Court: Supreme Court of New Jersey

Docket: a-69-18

Opinion Date: April 15, 2020

Judge: Jaynee LaVecchia

Areas of Law: Civil Procedure, Government & Administrative Law, Legal Ethics, Personal Injury, Professional Malpractice & Ethics

This case arose from the representation of plaintiff Antonio Nieves by a state public defender, Peter Adolf, Esq. After his conviction, Nieves was granted post-conviction relief based on the ineffective assistance of counsel at trial. DNA evidence later confirmed that Nieves was not the perpetrator, and the underlying indictment against him was dismissed. Nieves subsequently recovered damages from the State for the time he spent wrongfully imprisoned.

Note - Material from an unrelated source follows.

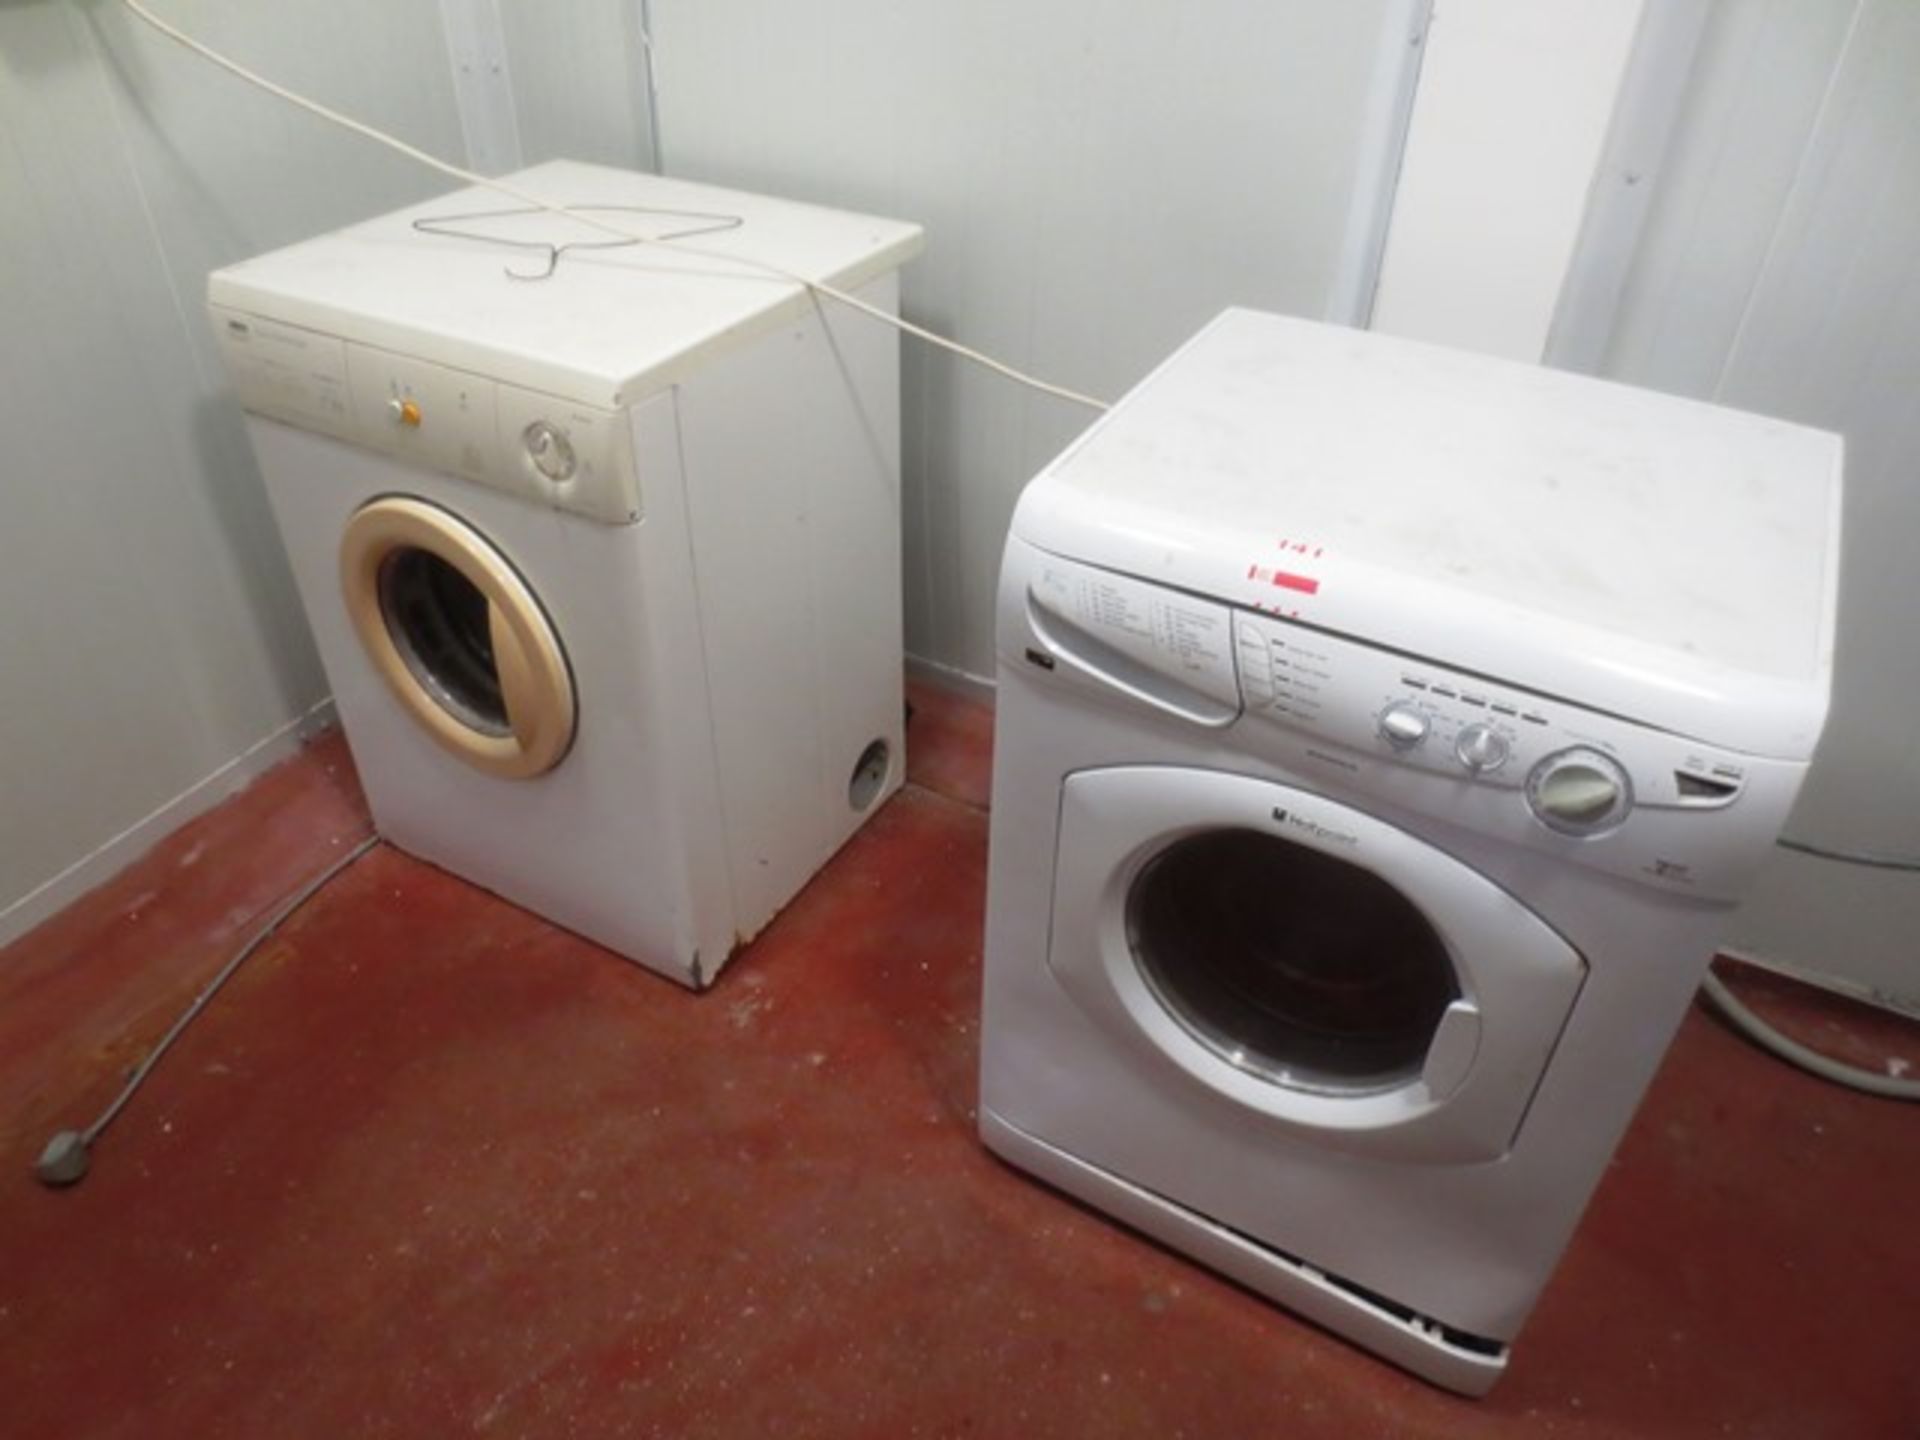 Hotpoint Aquarius WD420 washing machine, and Zanussi TD4112W tumble dryer

He then filed the present legal malpractice action seeking damages against the Office of the Public Defender (OPD) and Adolf. Defendants moved for summary judgment, arguing that the New Jersey Tort Claims Act (TCA) barred the damages sought because Nieves failed to vault N.J.S.A. 59:9-2(d)’s verbal threshold. The motion court concluded that the TCA and its verbal threshold were inapplicable. The Appellate Division reversed, concluding that “public defenders are public employees that come within the TCA’s immunities and defenses” and that Nieves’s claim fell squarely within the TCA. The Appellate Division also held that plaintiff’s claim for loss of liberty damages fell within the TCA’s limitation on recovery for pain and suffering in N.J.S.A. 59:9-2(d), which Nieves failed to satisfy. The New Jersey Supreme Court concluded the TCA applied to Nieves’s legal malpractice action, and his claim for loss of liberty damages failed to vault the verbal threshold for a pain and suffering damages claim under the strictures of N.J.S.A. 59:9-2(d). Defendants were entitled to summary judgment.